I found myself, when we lived in Scotland... I had a house in Scotland where we used to go for long holidays, and I kept my... I kept photographing the edges and sharp ends of gun emplacements, the way in which old 1930 bathing huts overlapped with one another and formed rectangular formats. I photographed bits and pieces of lighthouses, not in order to have exotically attractive pieces of visitable monuments but because I liked the way in which the cylindrical format of the lighthouse tower and then the various bits and pieces of chimney related to one another rather in a sort of geometrical fashion.  And I began doing lots and lots of those, and I kept albums and I kept on putting them away, and I have a vast album library upstairs of these photographs.

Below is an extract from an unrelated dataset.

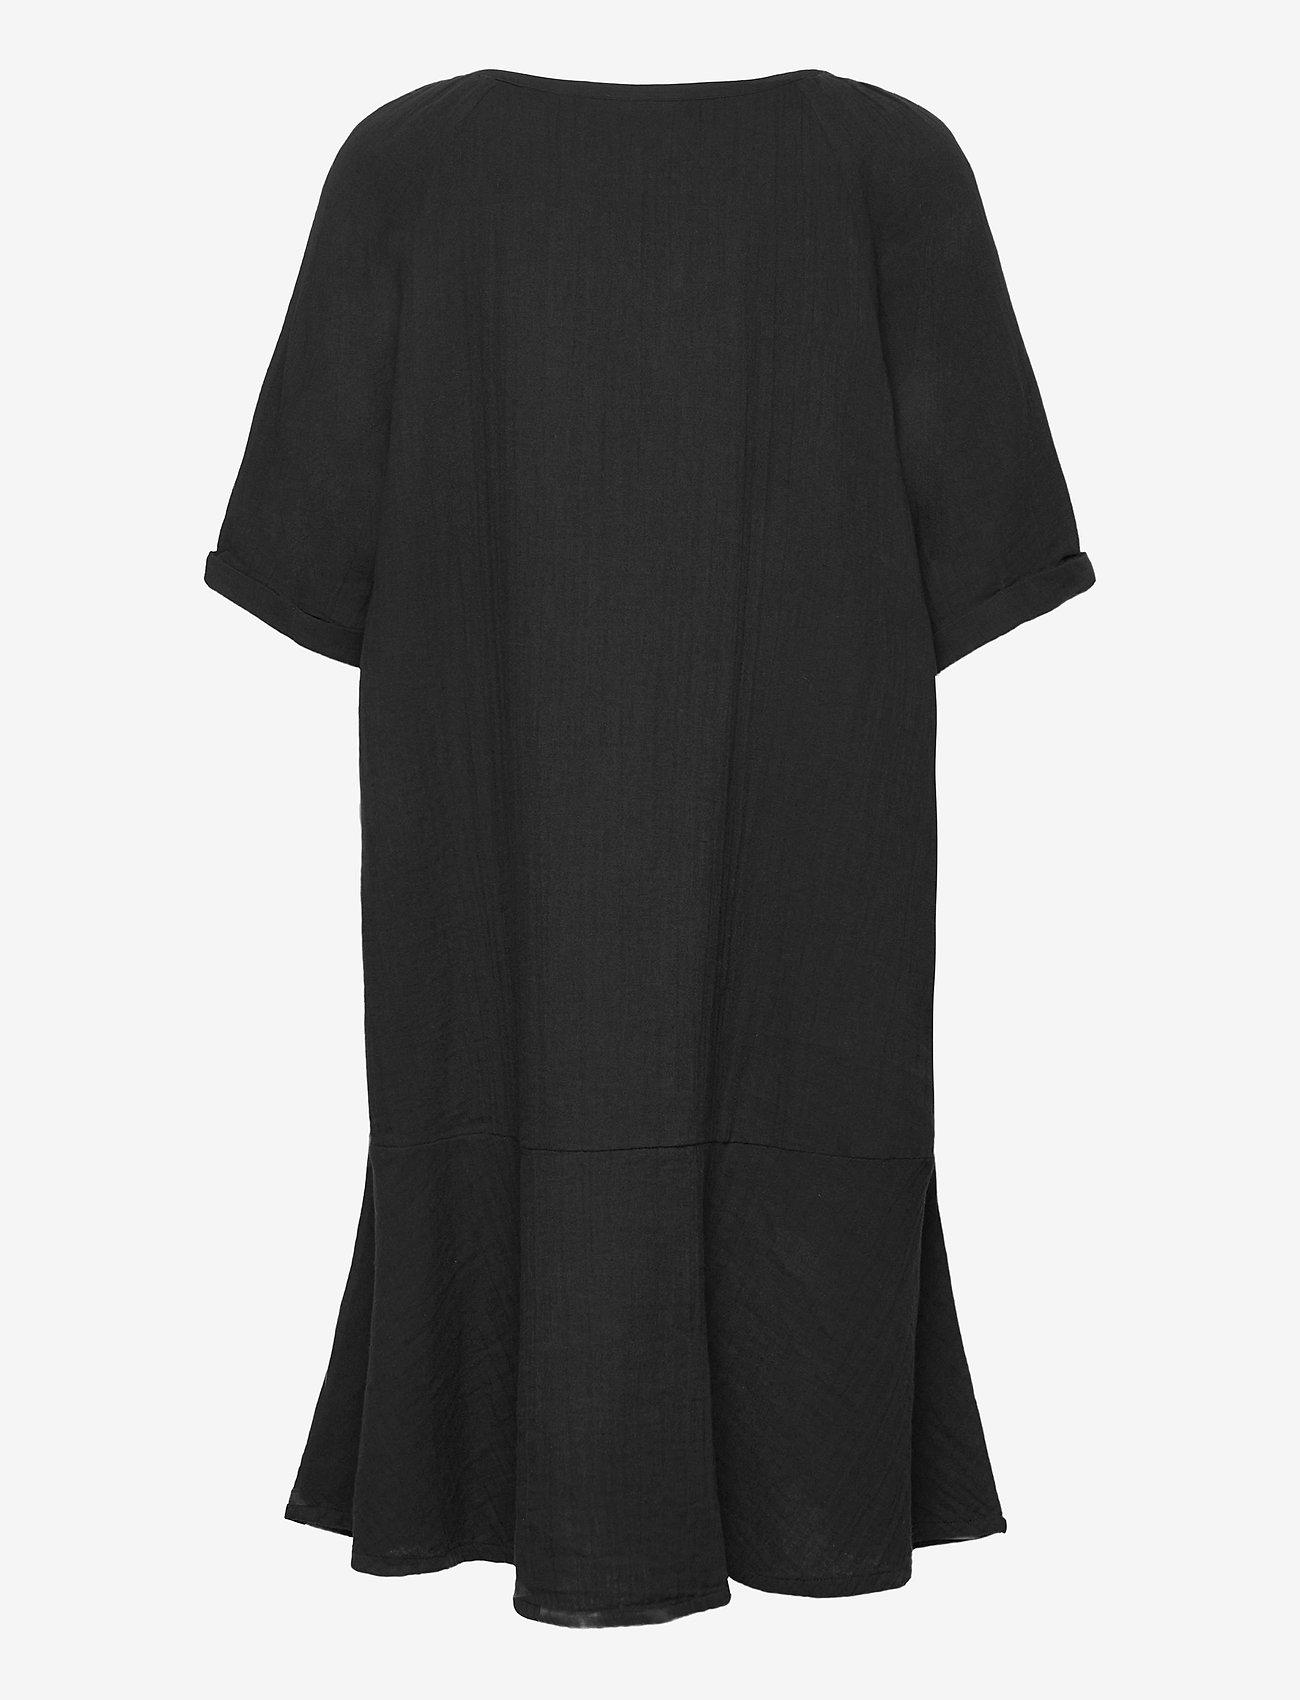 Masai - Nebis - sukienki na codzień - black - 1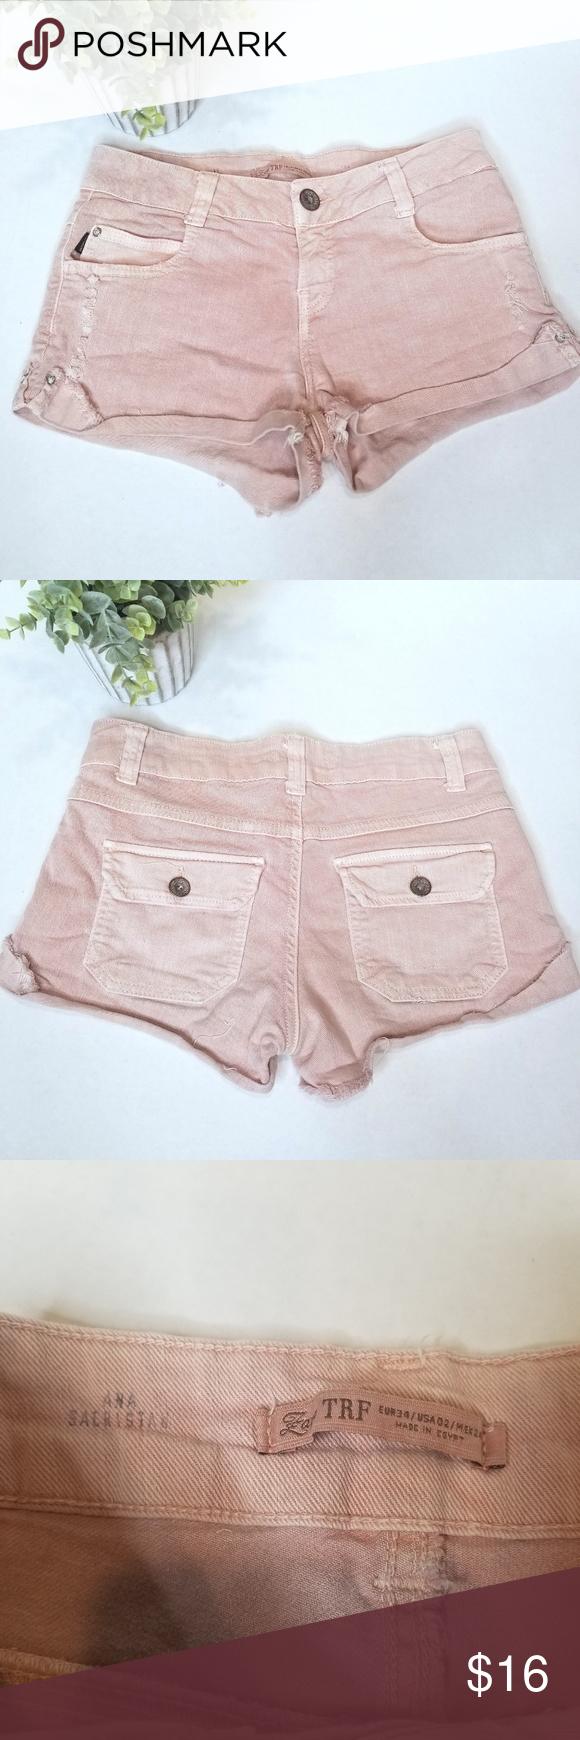 Zara Trf Pink Denim Cutoff Shorts 2 Zara Trafaluc Pink Denim Cutoff Shorts. Size 2.  Good Condition.   Waist 13.5 Hips 16 Inseam 1 3/4 Rise 7 3/4 Front Length 8.5 Back Length 10.5 Zara Shorts Jean Shorts #denimcutoffshorts Zara Trf Pink Denim Cutoff Shorts 2 Zara Trafaluc Pink Denim Cutoff Shorts. Size 2.  Good Condition.   Waist 13.5 Hips 16 Inseam 1 3/4 Rise 7 3/4 Front Length 8.5 Back Length 10.5 Zara Shorts Jean Shorts #denimcutoffshorts Zara Trf Pink Denim Cutoff Shorts 2 Zara Trafalu #denimcutoffshorts

And I went on doing them, and I photographed bits and piece of decaying posters when I was working in Italy. I loved that sort of collage effect of posters which have been superimposed upon one another so that you got many, many layers and bits and pieces torn off and then other layers torn off and then painted over and so forth, and I would get very close to them and photograph them. And I put them together, finally, in a book called Nowhere in Particular, which fell stillborn from the press, no one talked about it at all.   But I think it’s rather a beautiful book.

Jonathan Miller (1934-2019) was a British theatre and opera director. Initially studying medicine at Cambridge, Sir Jonathan Miller came to prominence with the production of the British comedy revue, Beyond the Fringe. Following on from this success he embarked on a career in the theatre, directing a 1970 West End production of The Merchant of Venice starring Laurence Olivier. He also started directing opera, famously producing a modern, Mafia-themed version of Rigoletto.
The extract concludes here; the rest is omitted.